这次分享下载抖音用户所有短视频方法,python爬虫批量抓取,无水印下载,期望和大家多多交流互相学习!
以获取用户链接方法
1、首先在抖音上随机挑选出一个小姐姐,用户主页右上角点上开,以获取分享链接
得到相似分享链接:在捏音,记录美好生活! https://v.douyin.com/eSN7g1c/
批量下载无水印视频
1.以获取用户抖音昵称,并创建同名文件夹放置视频
2.校验用户所有时间段是否公布过视频,校验数量为0则跳过,不为0则展开下载
3.下载并保存,数量和用户主页视频数量一致
4.检验一下,的确无水印,bingo!
python程序思路分享
1.根据用户页面分享的链接抽取url2.根据url去展开命令,通过停止使用重定向去以获取headers['location'],再从中提取sec_id
3.拼接该用户所有视频列表请求url,然后在下载保存即可。

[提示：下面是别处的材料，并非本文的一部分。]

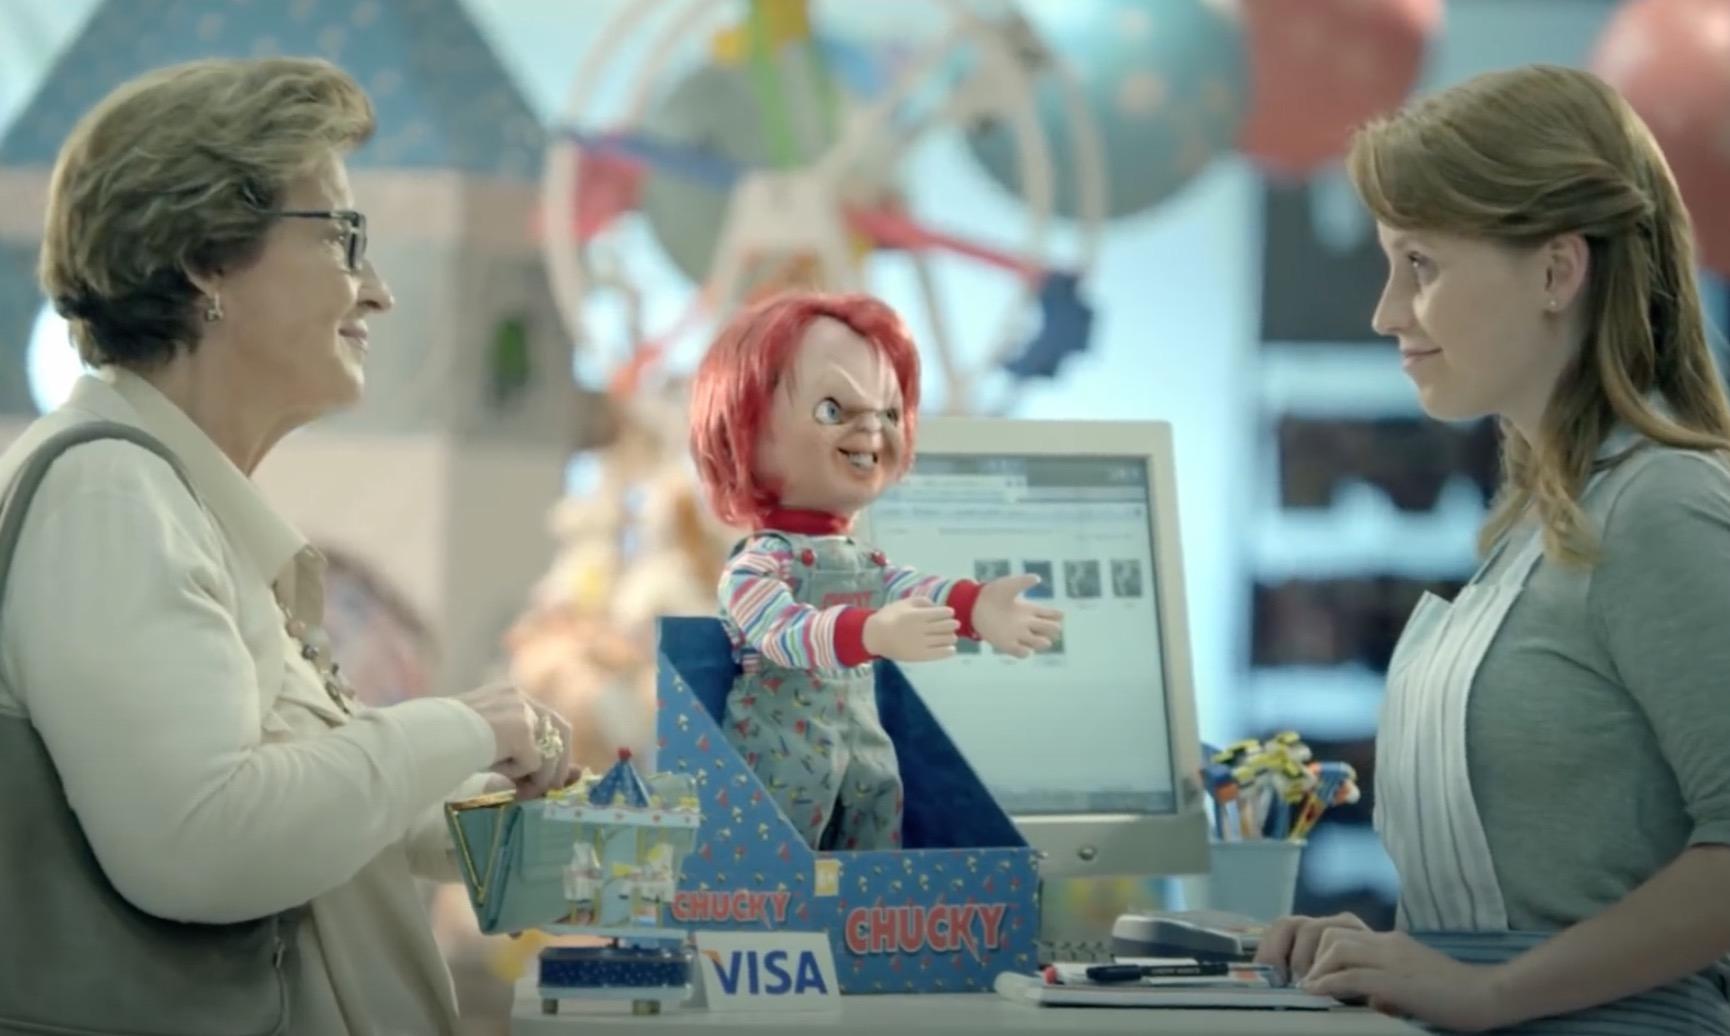 Campanhas publicitárias fazem uso de personagens de filmes de terror
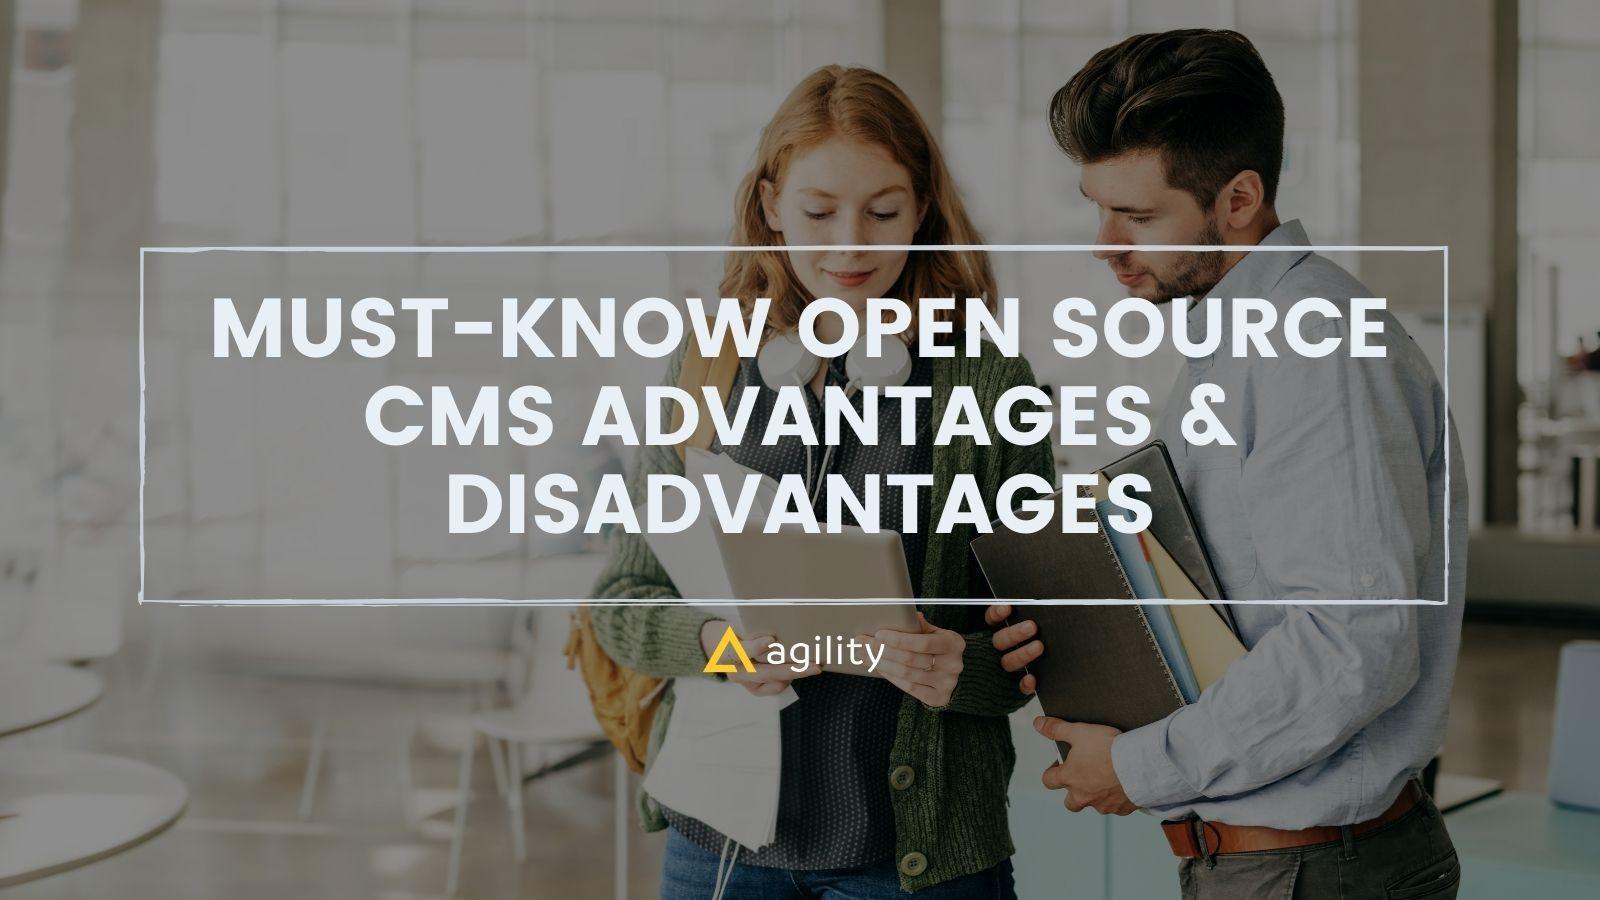 Must Know Open Source CMS Advantages & Disadvantages

下面给出一个命令参数示例:params = {
'sec_uid' : 'MS4wLjABAAAAbtSlJK_BfUcuqyy8ypNouqEH7outUXePTYEcAIpY9rk', #每个用户相同 'count' : '200', #每次请求返回视频list中视频条数,不建议太大 'min_cursor' : '1612108800000',#用户视频已经开始时间,拎毫秒的时间撕 'max_cursor' : '1619251716404',#用户视频结束时间,拎毫秒时间撕 'aid' : '1128',#未明参数,可有可无 '_signature' : 'PtCNCgAAXljWCq93QOKsFT7QjR' #签名值,轻易从请求参数里面复制一个就能够一直用 }
关键代码:
1.提取互动链接中的url
string = input('粘贴互动链接:') shroturl = re.findall('[a-z]+://[S]+', string, re.I|re.M)[0]
2.请求上述url,禁用重定向以获取location的value,在正则抽取出来sec_id
startpage = requests.get(url=shroturl, headers=headers, allow_redirects=False) location = startpage.headers['location'] sec_uid = re.findall('(?<=sec_uid=)[a-z,A-Z,0-9, _, -]+', location, re.M|re.I)[0]
3.堆叠命令用户信息url,以获取用户昵称,也可以以获取其他信息,这里只取昵称
getname = requests.get(url='https://www.iesdouyin.com/web/api/v2/user/info/?sec_uid={}'.format(sec_uid), headers=headers).text userinfo = json.loads(getname) name = userinfo['user_info']['nickname']
4.创建用户昵称同名文件夹,转换至该路径下
Path = name if os.path.exists(path=Path) == False: os.mkdir(path=Path) else: print('directory exist') os.chdir(path=Path)
5.视频时间戳生成,原本可以轻易采用一个大跨度的时间段,但是在测试中辨认出时间跨度太大的话,下载的视频数量会变少,多次测试后确定以1个月为间隔,年份从2018到2021,基本上也没有更早的视频了吧
year = ('2018','2019','2020','2021') month = ('01','02','03','04','05','06','07','08','09','10','11','12') timepool = [x+'-'+y+'-01 00:00:00' for x in year for y in month ] print(timepool) k = len(timepool) for i in range(k) : if i < k-1 : print('begintime='+timepool[i]) print('endtime='+timepool[i+1]) beginarray = time.strptime(timepool[i], "%Y-%m-%d %H:%M:%S") endarray = time.strptime(timepool[i+1], "%Y-%m-%d %H:%M:%S") t1 = int(time.mktime(beginarray) * 1000) t2 = int(time.mktime(endarray) * 1000) print(t1,t2)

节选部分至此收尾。